A prohibition on #1 is particularly silly. It would make SR into a trivial theory incapable of describing interactions. If you believed this, you would have to stop believing, for example, in the special-relativistic description of the Compton effect and fine structure in hydrogen; these phenomena would have to be described by some as yet undiscovered theory of quantum gravity.

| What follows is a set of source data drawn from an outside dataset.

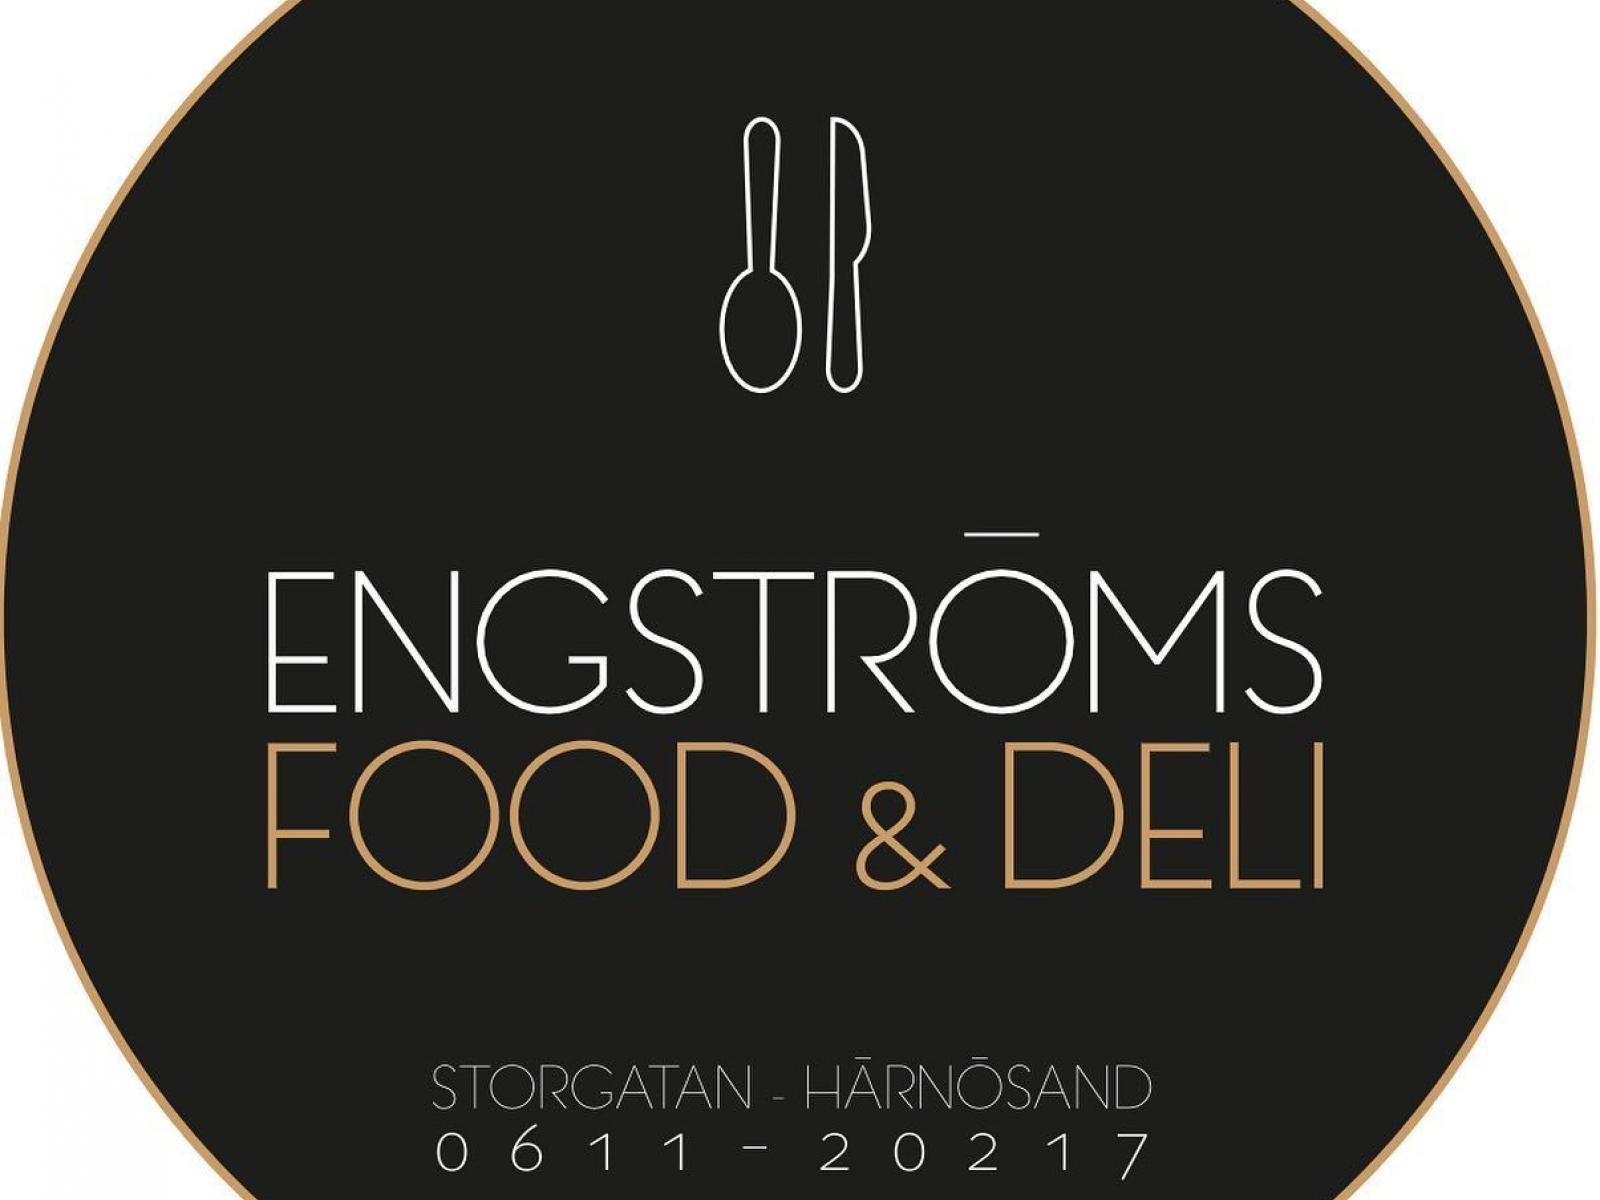 Engströms Food & Deli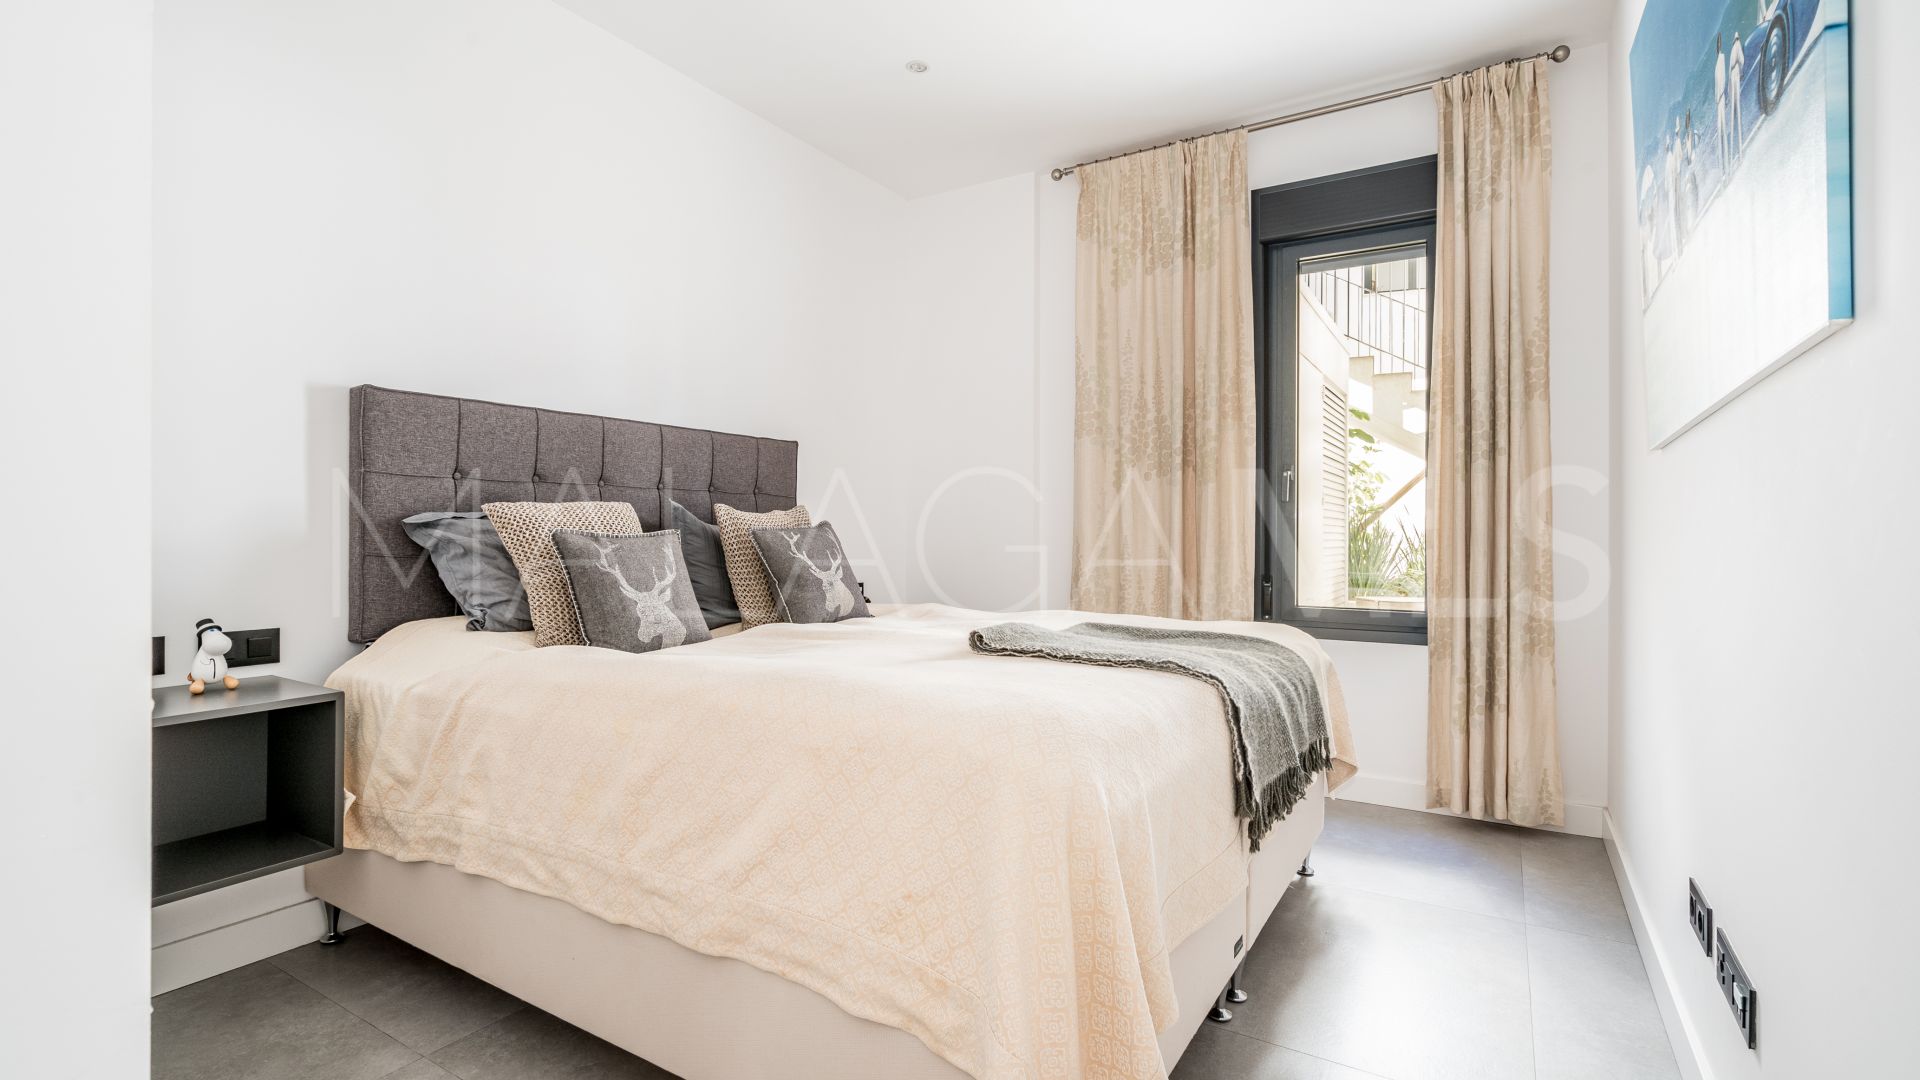 2 bedrooms Mirador de Estepona Hills ground floor apartment for sale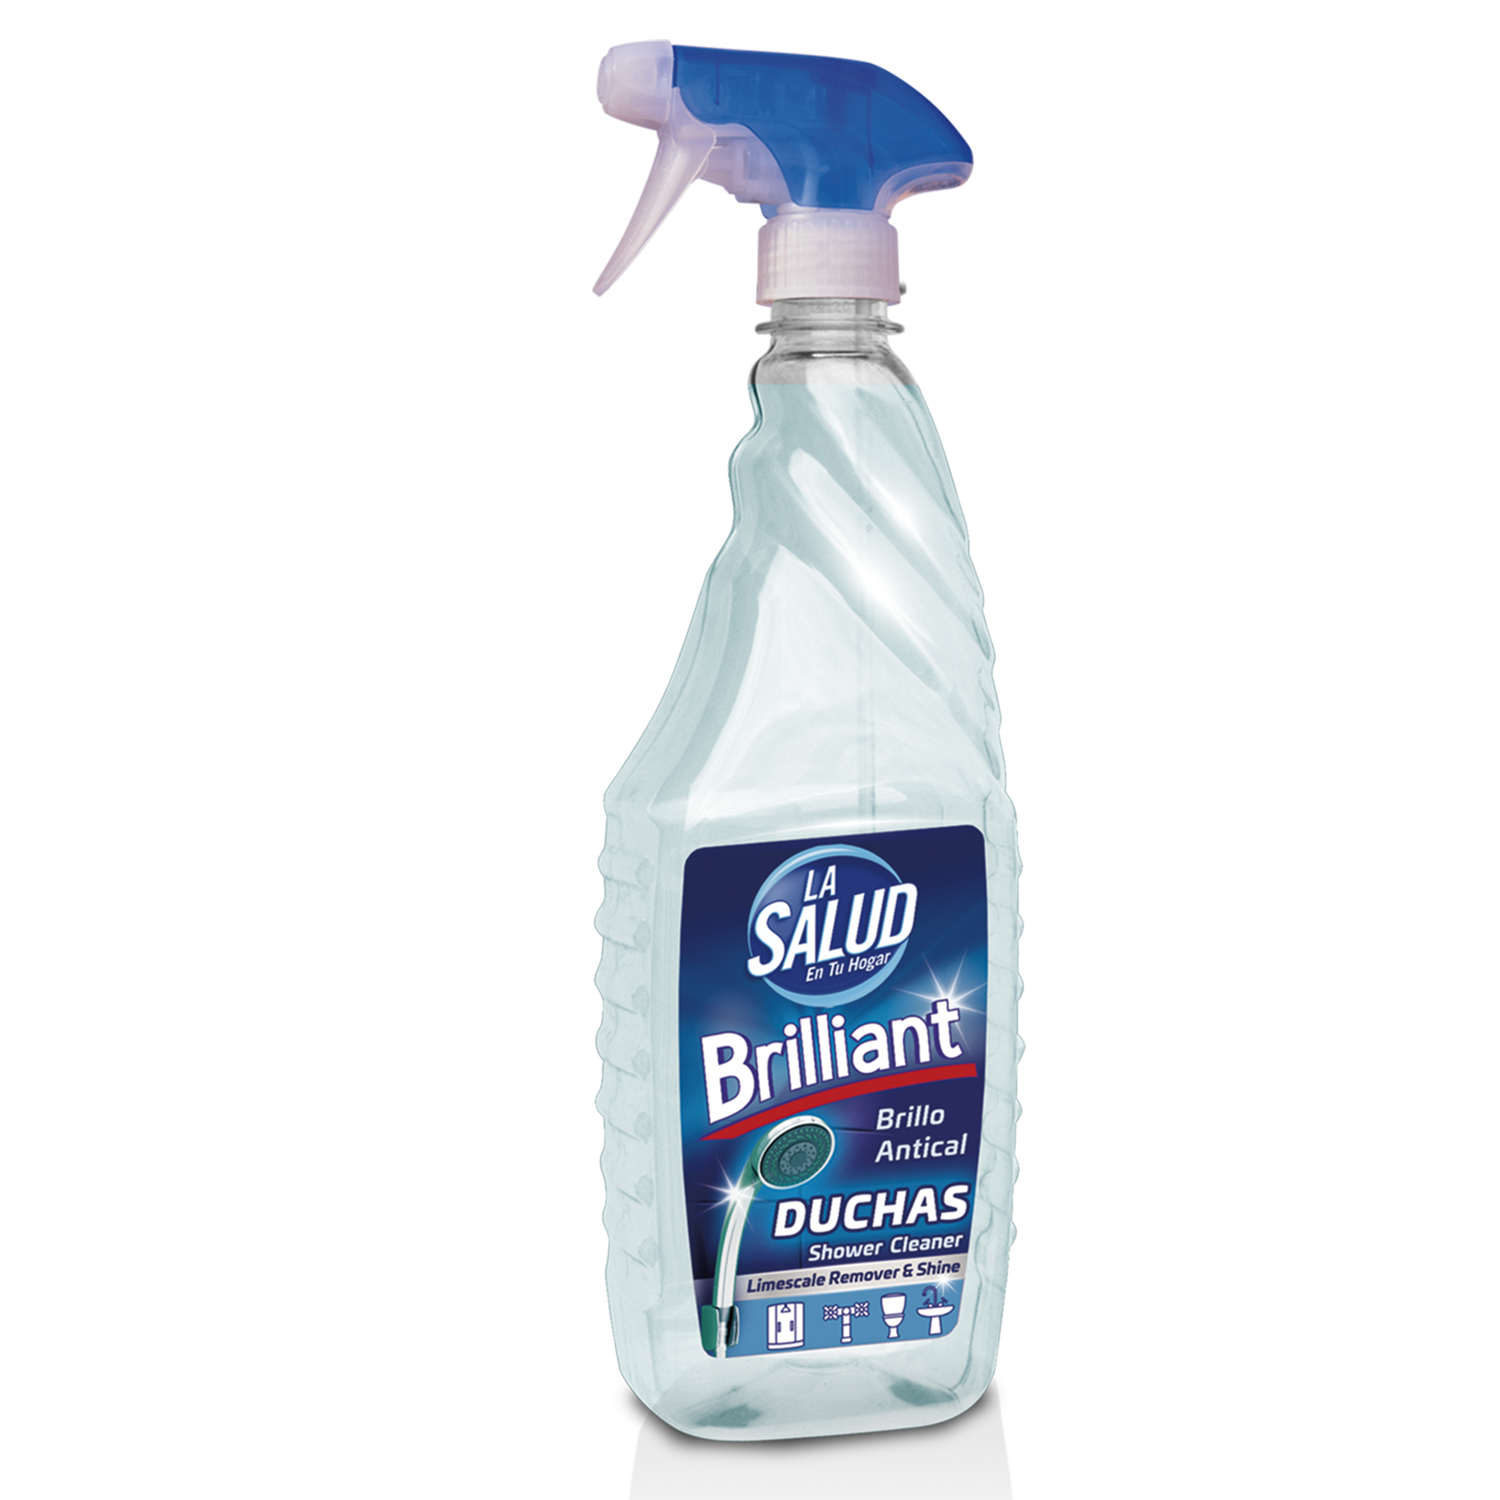 NORIT Sensible - Detergente Líquido Hipoalergénico sin perfume, para Pieles  Sensibles y Atópicas, Apto para Adultos, Niños y Bebés, Pack de 3 X 2120  Ml, 6360 Mililitros- PACK 3 UNIDADES

Number 1 often comes up in discussions of the twin paradox. A good way to see that general relativity is totally unnecessary for understanding the twin paradox is to pose a version in which the four-vector equation a=b+c represents the unaccelerated twin's world-line a and the accelerated twin's world-line consisting of displacements b and c. The accelerated twin is subjected to (theoretically) infinite accelerations at the vertices of the triangle. The triangle inequality for flat spacetime is reversed compared to the one in flat Euclidean space, so proper time |a| is greater than proper time |b|+|c|.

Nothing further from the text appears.